On all the previous occasions, I have seen this Bill filibustered by a tiny number of Members of this House. I persist in trying to get it passed, knowing that there is overwhelming support in all parts of the Chamber—Labour, Liberal Democrat, Conservative and Cross Bench—for getting it on to the statute book. I include many hereditaries who have wished me luck this week in getting the Bill through, because—unlike a minority of their friends—they can see the sense in doing that.

Given that this process has been going on for so long, and that new Members have arrived and long-standing Members may not have caught up with recent developments, it may be helpful for me to take stock of this whole by-election saga: what has happened so far and what needs to be done. For our new listeners, here goes.

There are 92 hereditary Peers in this House, 90 of whom—when they die, retire or are expelled, though none have been—are replaced by a system of by-elections. The number 90 is constant, fixed in law by the 1999 House of Lords Act. Of the 90, 75 are elected on a party basis from the four groupings in this House. For a Conservative vacancy, the electorate consists of the Conservative hereditary Peers in the House; there are 46 at the moment. For a Cross-Bench vacancy, the electorate is 29; for Labour it is four and for the Liberal Democrats three. With such small numbers, the by-elections for these two parties are particularly absurd. There was a quite farcical by-election for a Liberal Democrat vacancy in April 2016, which many Members of the House will be familiar with, when there were more than twice as many candidates as voters—seven candidates and three voters. Six of the candidates received no votes at all and, with a 100% turnout, the winner got all three. The cost of the by-election was £100 for each vote counted, a total of £300. I would be quite happy to have done it for a mere £150. I can update the House on costs, which have escalated following a recent tendering process. The new prices for the by-elections are as follows: for a Conservative or Cross-Bench election, the cost to the House is £600; for a Labour or Liberal Democrat one, it is £570. So the Labour and Liberal Democrat hereditaries provide better value for money.

I invite any Peer in today’s debate who opposes my Bill to explain what it is that they most admire about an election with an electorate of three; but it gets worse. Earlier, I mentioned that 75 of the 90 are elected by party groups. The remaining 15 are elected by the whole House—811 of us. To explain, the 1999 Act reserved 15 hereditary places to enable those hereditary Peers who were Deputy Speakers at the time to remain in the House. Not surprisingly, however, after 20 years most of the original 15 are no longer Deputy Speakers and anyone who wins under one of these by-elections is not expected to be a Deputy Speaker. To summarise, in these Deputy Speaker by-elections, the departing Member does not have to be a Deputy Speaker and the person replacing him does not have to be one either: you know it makes sense.

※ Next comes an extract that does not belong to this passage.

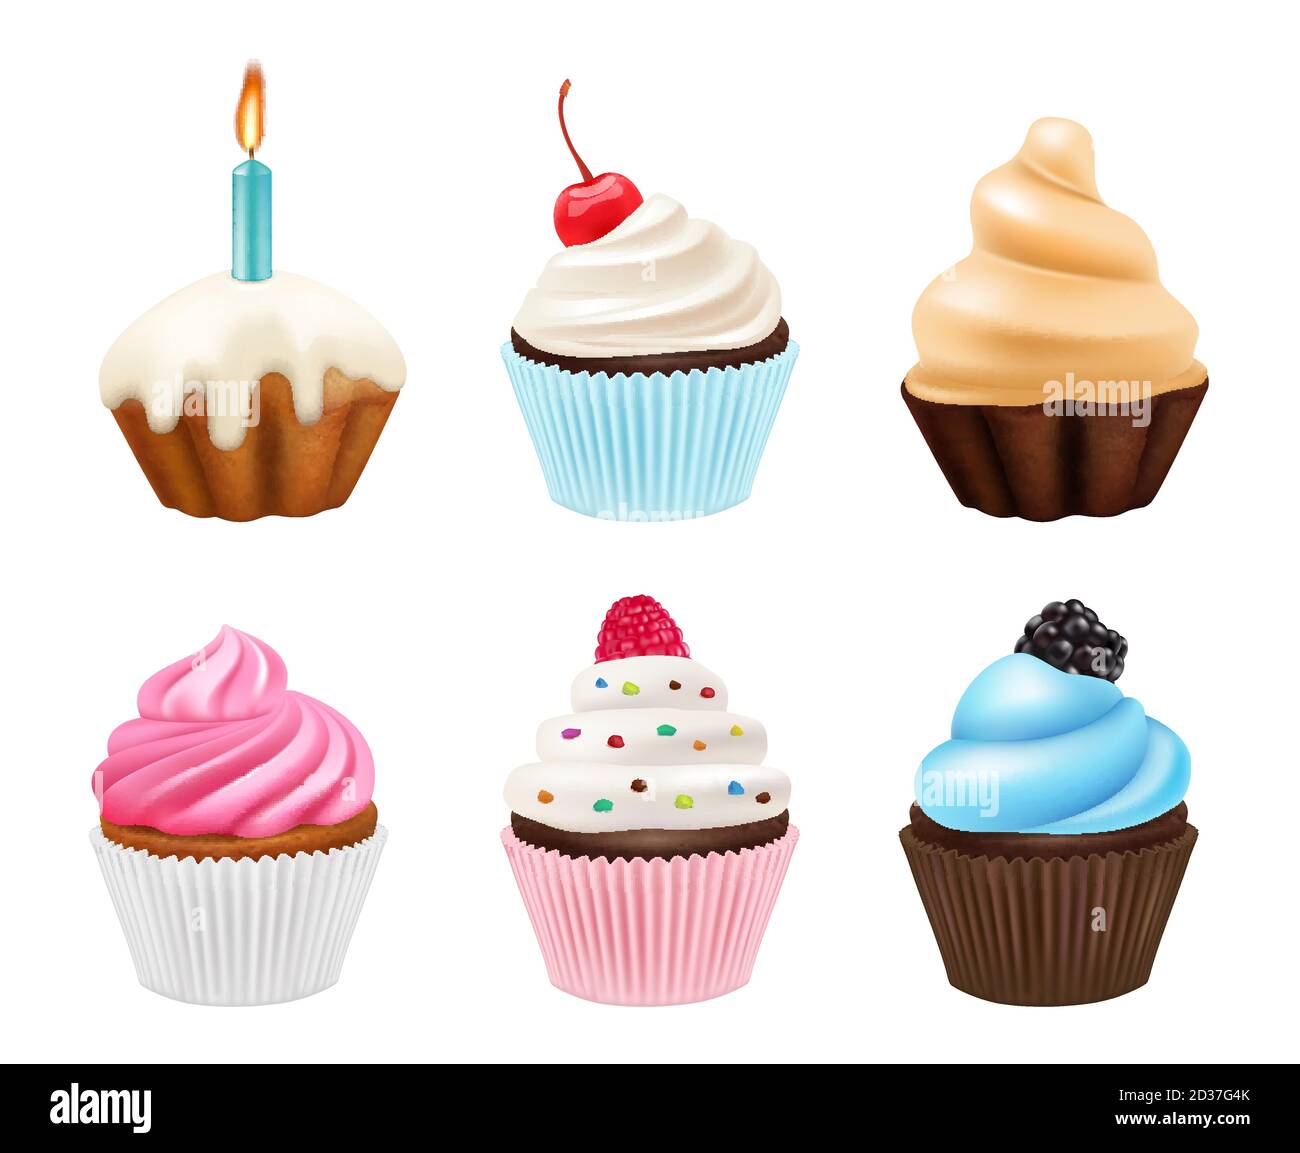 Cupcakes Desserts. Süßigkeiten Muffins mit Sahne und Schokolade Kuchen Vektor realistische Bilder Sammlung Stock Vektor

There have been seven by-elections since the Second Reading of my previous Bill in September 2017. They are, in essence, parliamentary by-elections—they provide us with a new Member of Parliament—but not in terms that we would normally understand. Sadly, the media are not present to capture the drama of the count: “one”, “two”, “three”. The votes for each candidate are not announced by the returning officer and the winning candidate does not have the chance to thank his supporters. I think we all know why: the more light that shines on this system, the more ludicrous it is shown to be. I make no apology for saying, yet again, that in order to be a candidate for these by-elections, you have to be a hereditary Peer who has notified the Clerk of the Parliaments of your interest in standing for any vacancy that might arise. There are 216 names on the current register of hereditary Peers; 215 of them are men. It has been said so often that it loses its impact, but I will say it again: 215 of the 216 are men. Anyone opposing my Bill today needs to explain to the House why he or she thinks that is acceptable in the 21st century.

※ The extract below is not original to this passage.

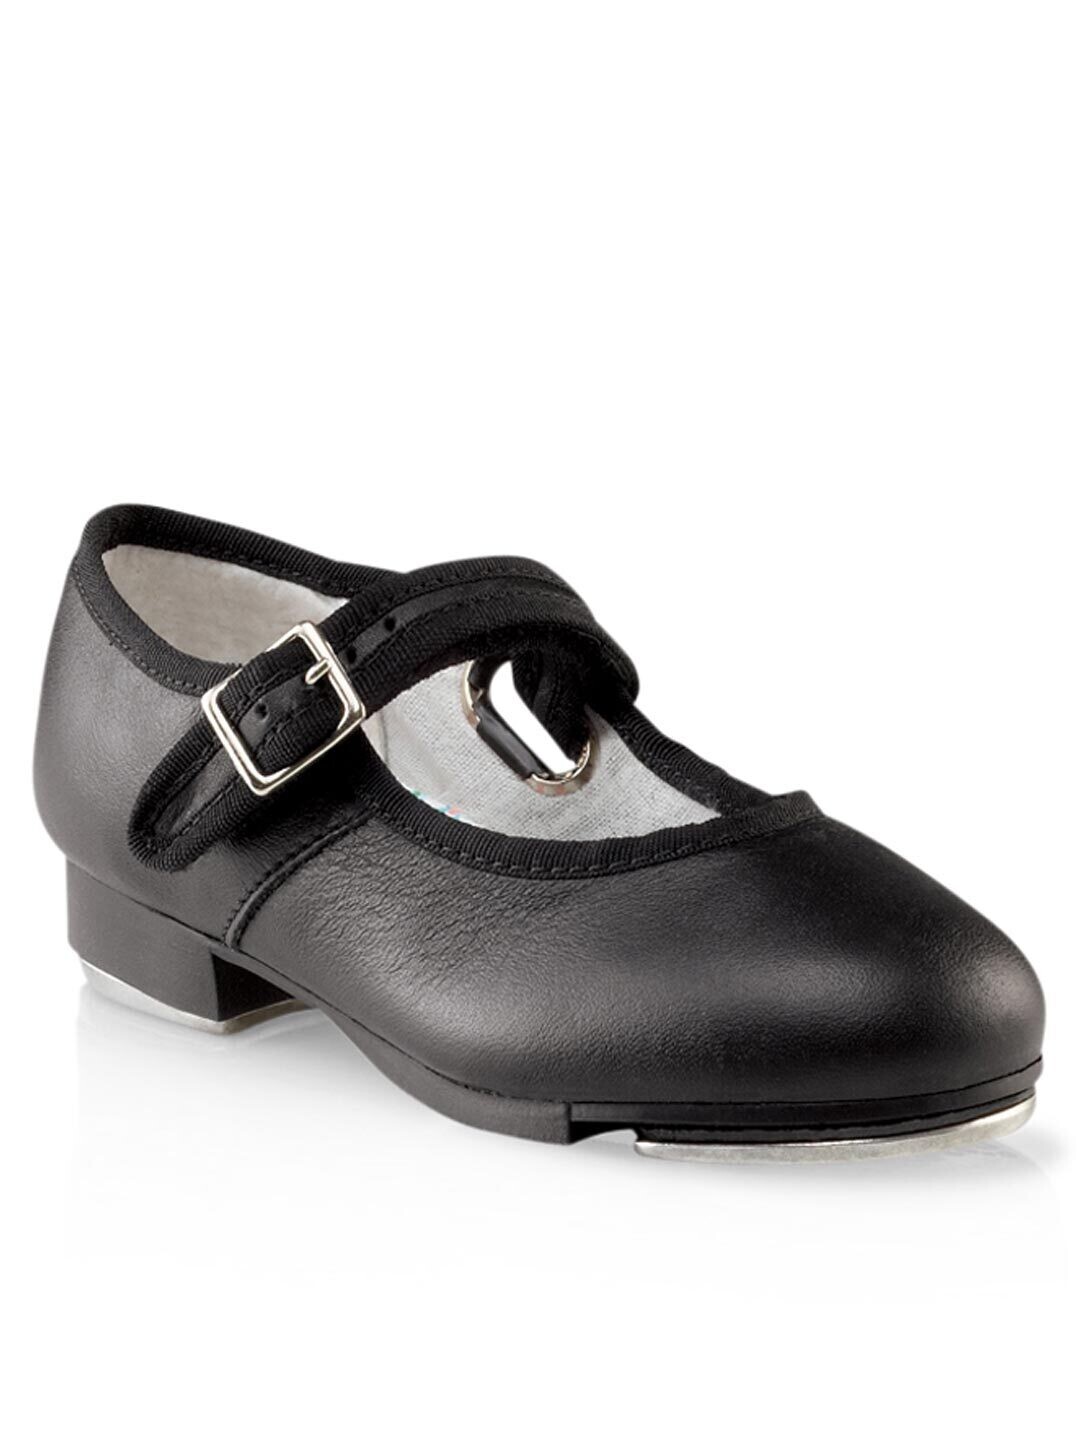 Capezio Mary Jane Tap Shoe - Child, Color: Black, Size: 6, Width: M

To summarise: there are 90 places in the House of Lords exclusively reserved, by law, for people who have inherited titles, and for which any vacancies are effectively for men only.

The main argument—I sometimes think almost the only argument from opponents of my Bill who want the by-elections to continue—is that during the discussions on the 1999 Act, the Government indicated that the 90 hereditaries would remain until there was comprehensive reform of the Lords. That argument carries no weight whatever, because of the absolutely fundamental principle of our constitution that no Government can bind their successors. If Governments could bind their successors, there would not be much point in holding general elections.

Another equally weak argument I have heard advanced and may hear again today is that because the hereditaries are not appointed by party leaders, they bring a uniquely independent perspective and judgment to our proceedings. Demonstrably, they do not. Apart from the Cross-Benchers, of course, the hereditaries are elected by the political parties and almost without exception they vote with their parties in any Divisions, just like the rest of us. So here we are, 21 years after the House of Lords Act, with a so-called temporary measure still in operation, while in the meantime, 37 new hereditary Peers have arrived in the House, all of them men, and the size of the House continues to grow.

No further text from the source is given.